BEGIN

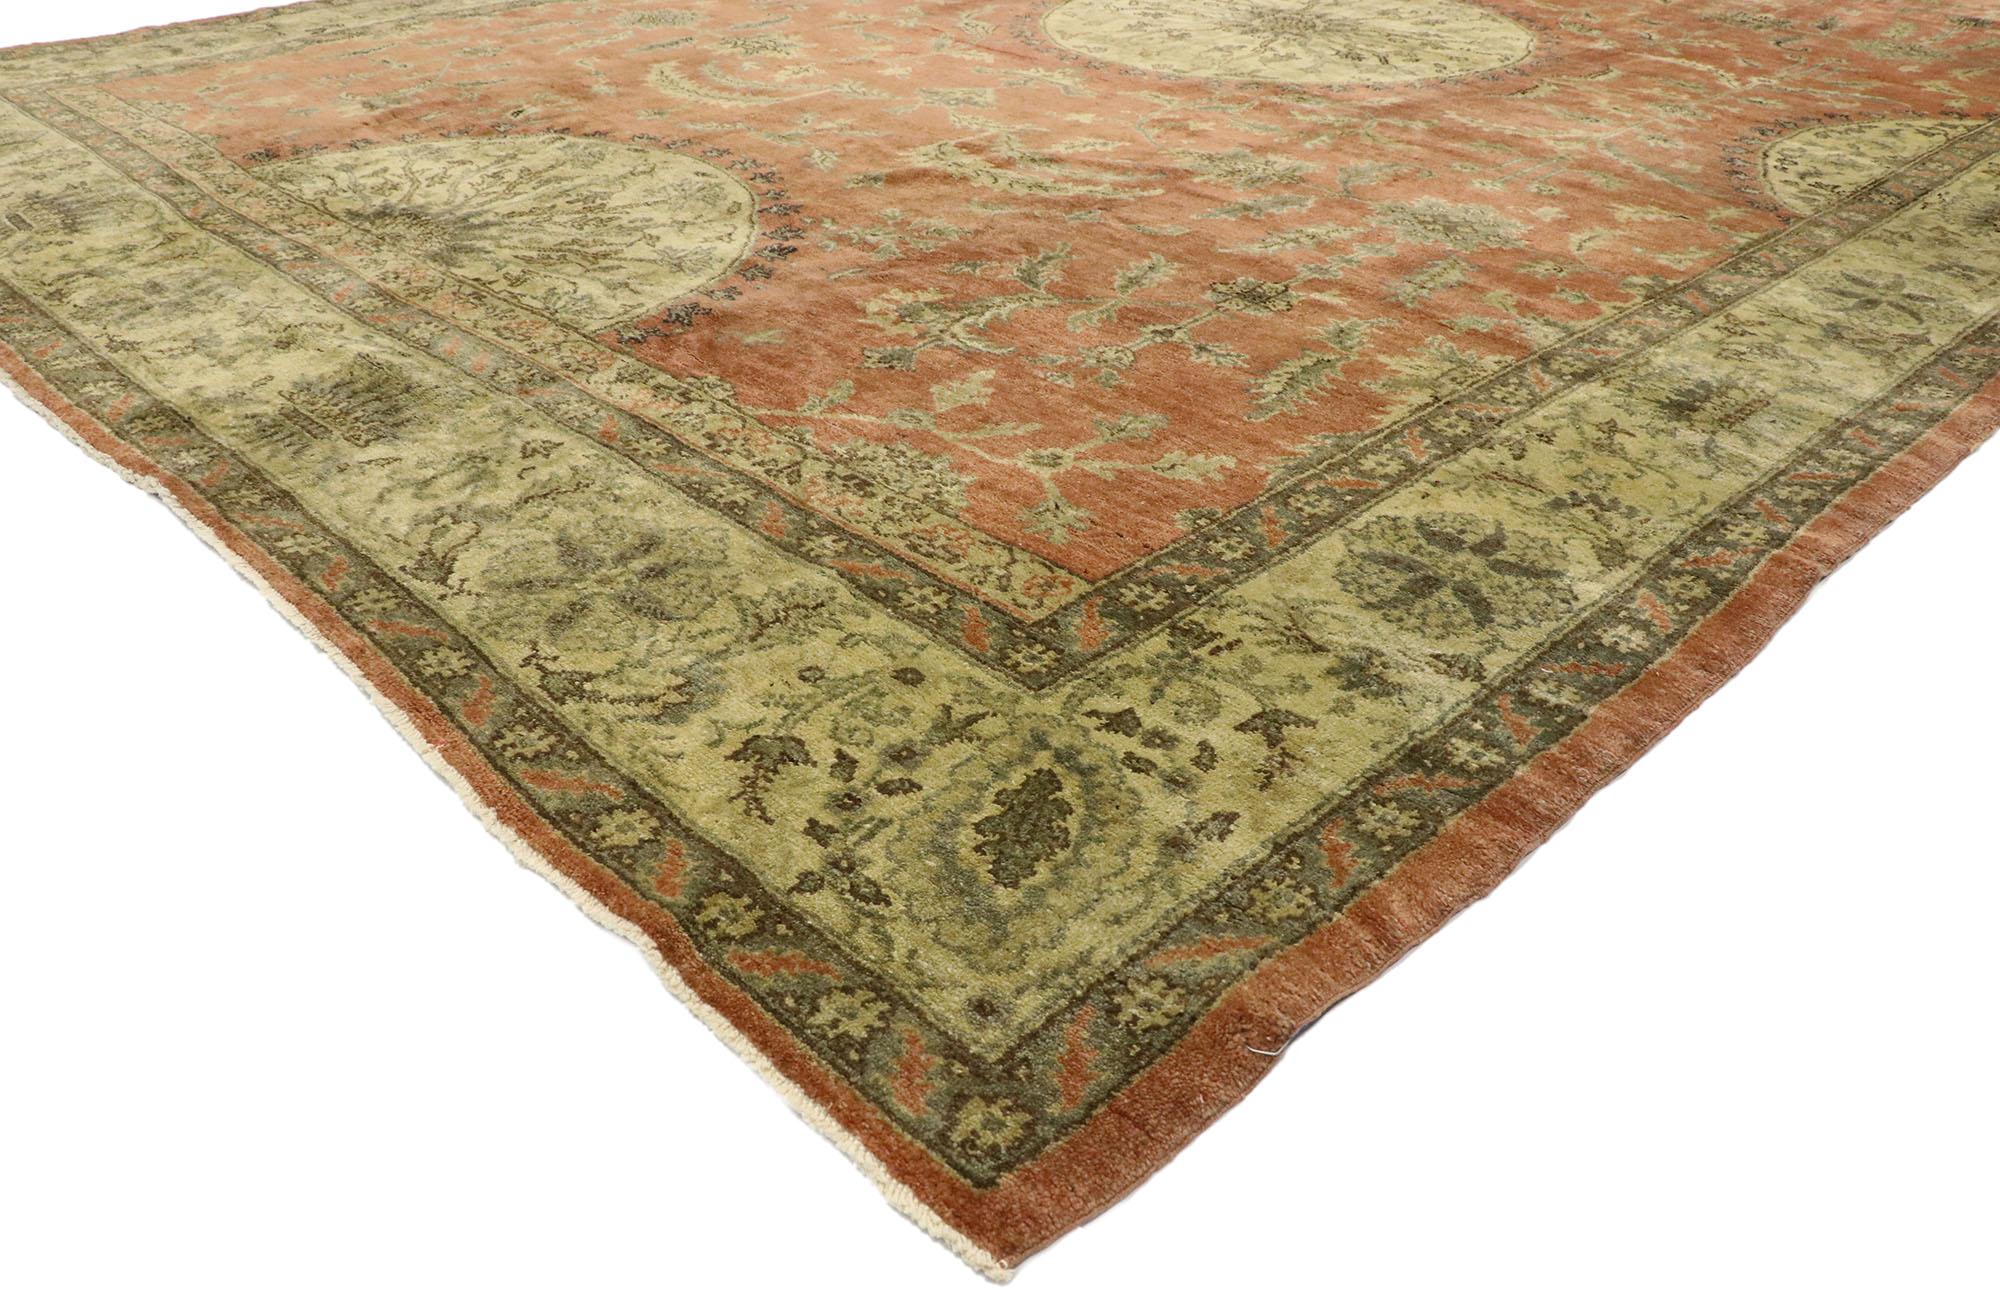 50499, distressed vintage Turkish Oushak rug with rustic English Manor style. M This hand knotted wool distressed vintage Turkish Oushak rug features a round central medallion surrounded with an all-over botanical pattern composed of curved sickle
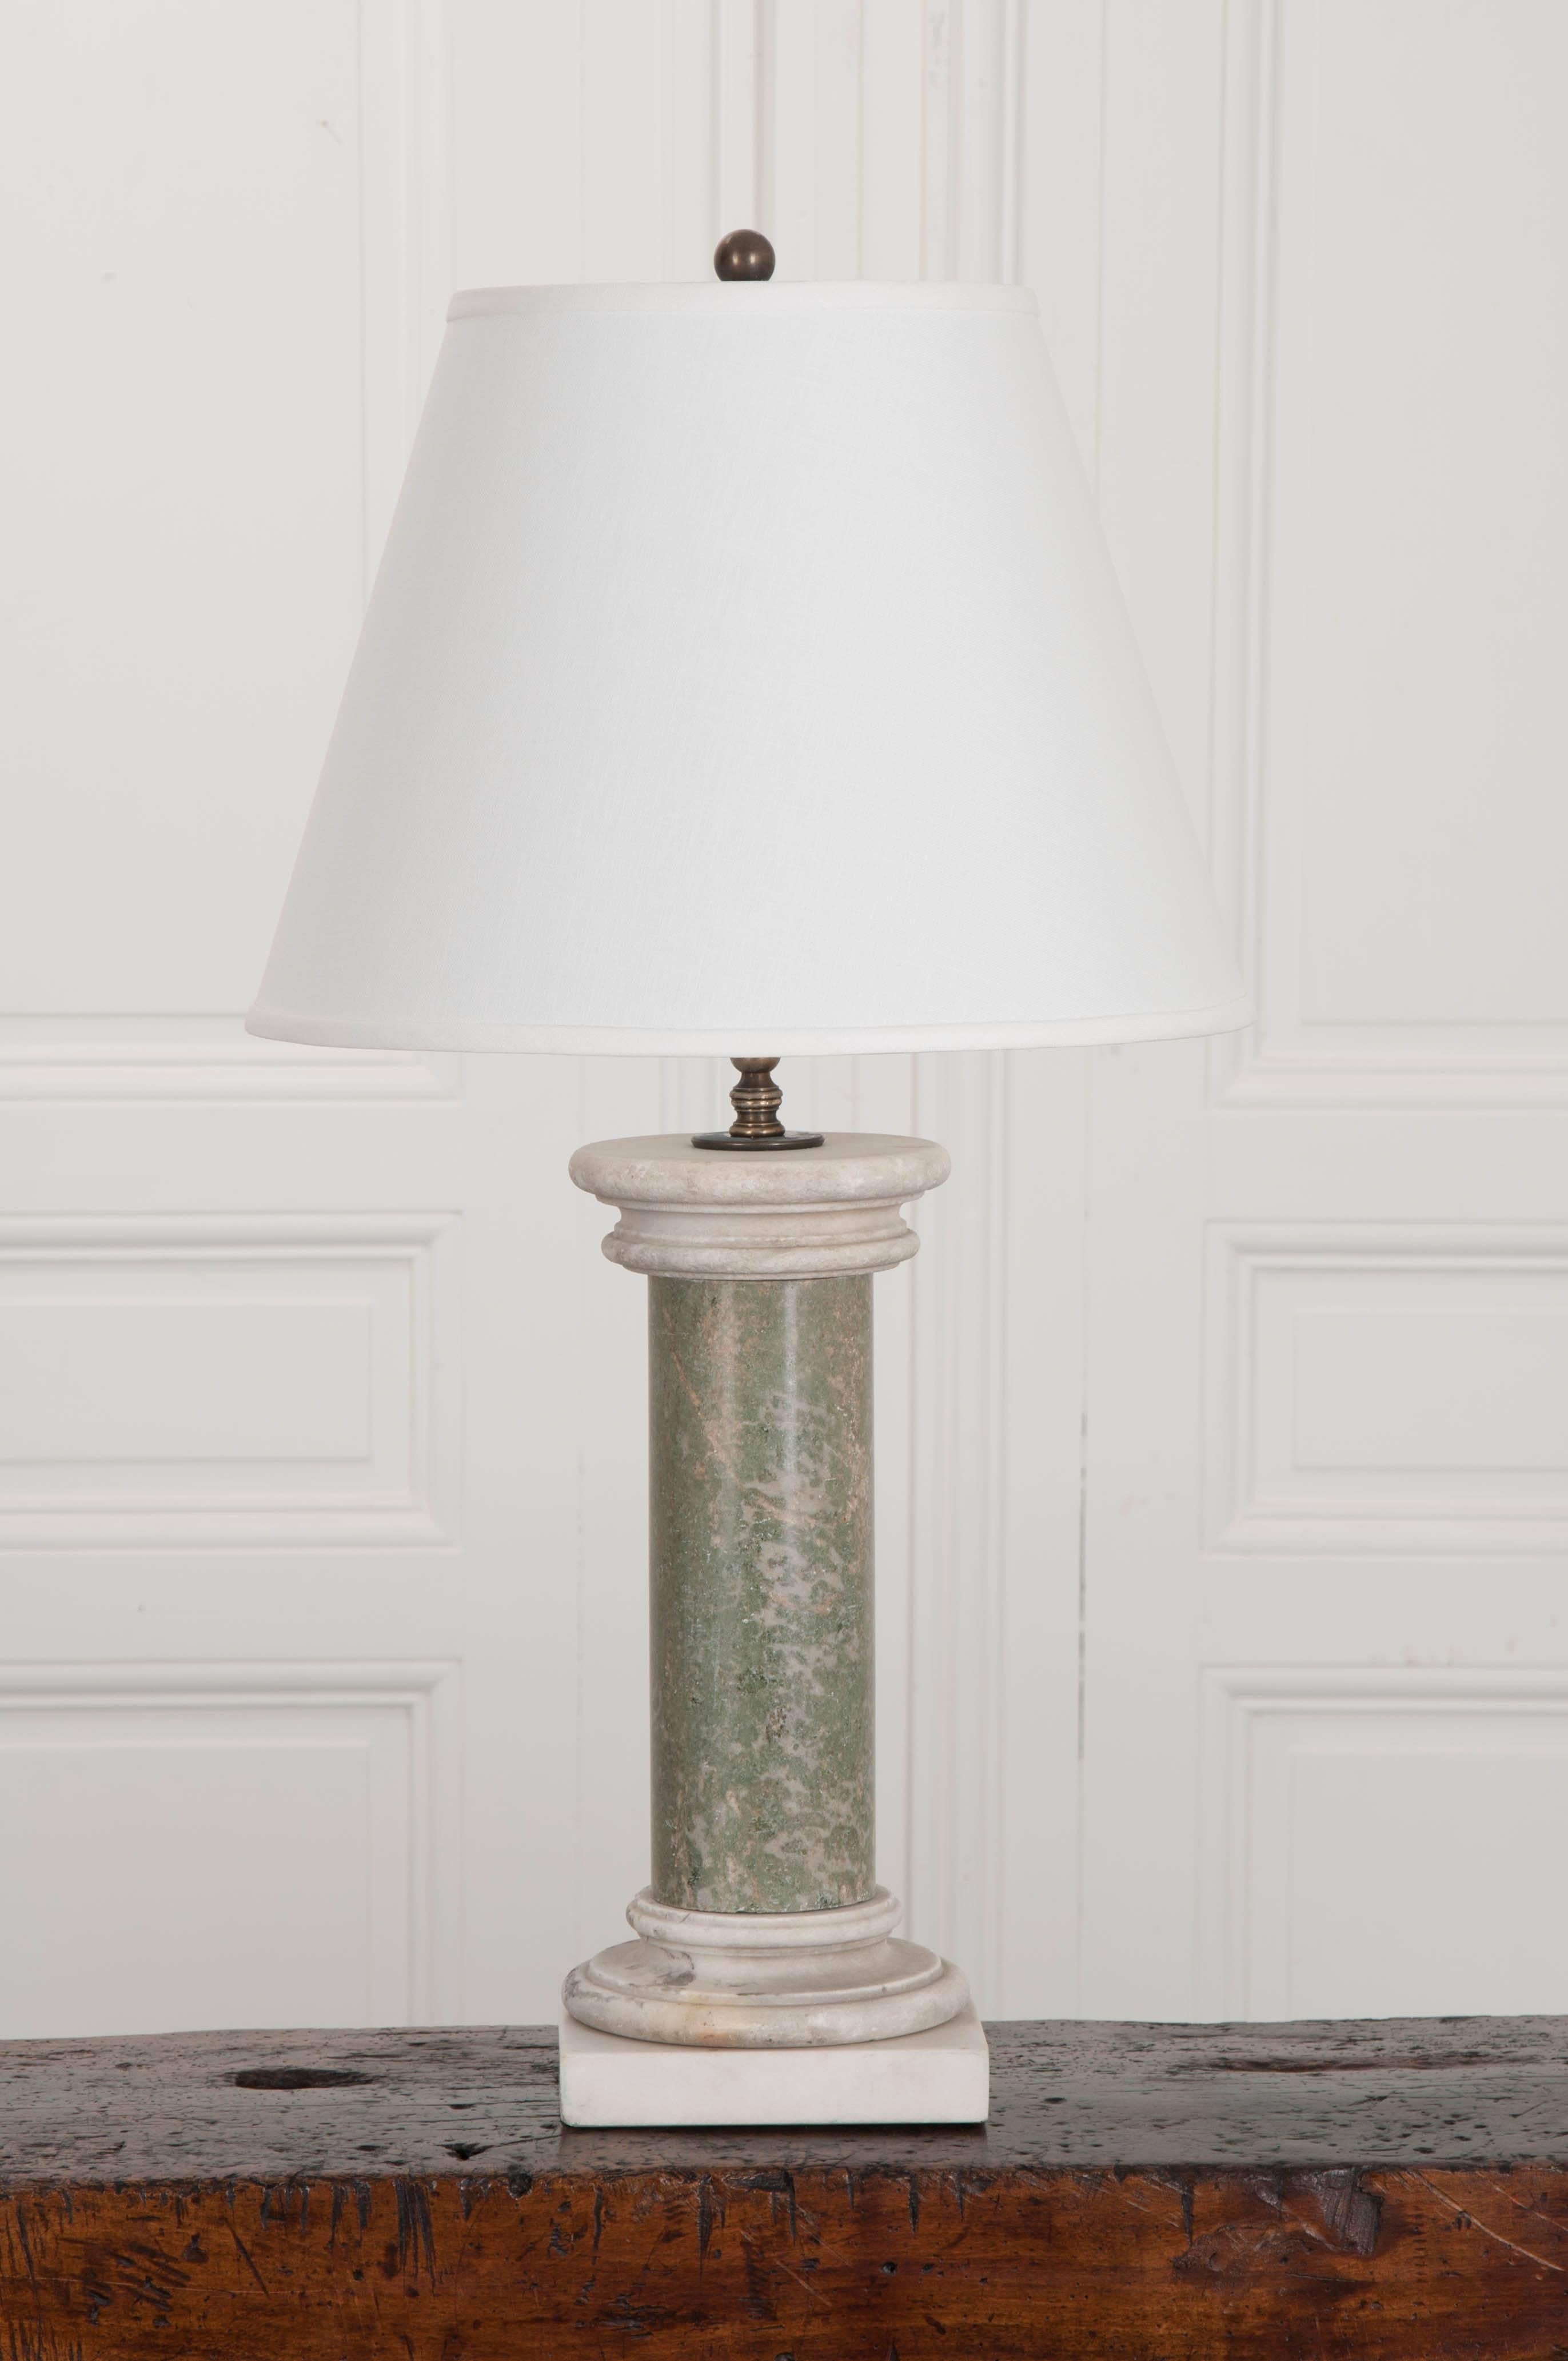 This custom light fixture was made using a column-form baluster from a grand 19th century French marble staircase. The marble is a wonderful pale Kiwi green with natural and grey-colored veins. The capital and base are also made of marble, however
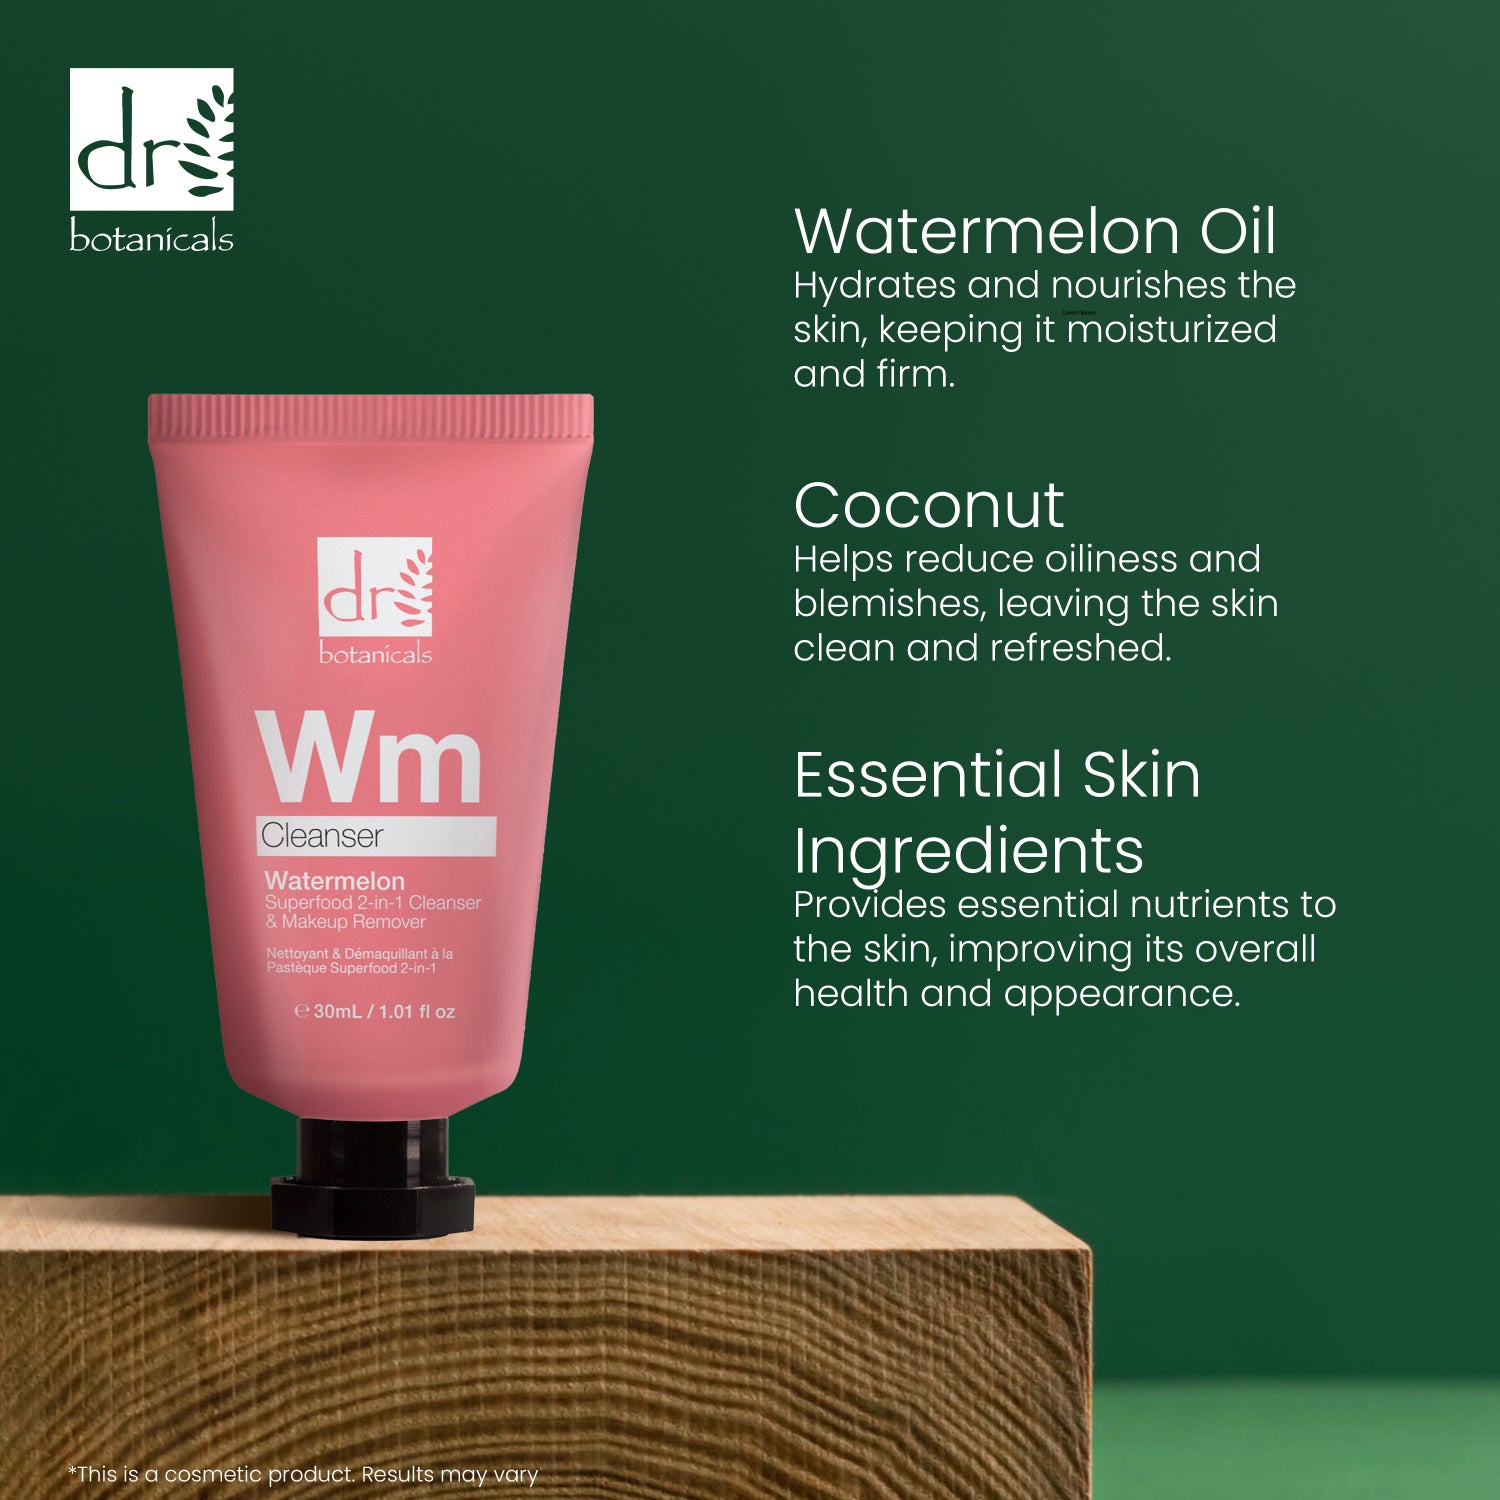 Watermelon Superfood 2-In-1 Cleanser & Makeup Remover 30ml

END

WHAT YOU NEED TO DO => Restate the data above verbatim, skipping every image.

ANSWER TO THIS TASK =>
 50499, distressed vintage Turkish Oushak rug with rustic English Manor style. M This hand knotted wool distressed vintage Turkish Oushak rug features a round central medallion surrounded with an all-over botanical pattern composed of curved sickle
 This custom light fixture was made using a column-form baluster from a grand 19th century French marble staircase. The marble is a wonderful pale Kiwi green with natural and grey-colored veins. The capital and base are also made of marble, however
 Watermelon Superfood 2-In-1 Cleanser & Makeup Remover 30ml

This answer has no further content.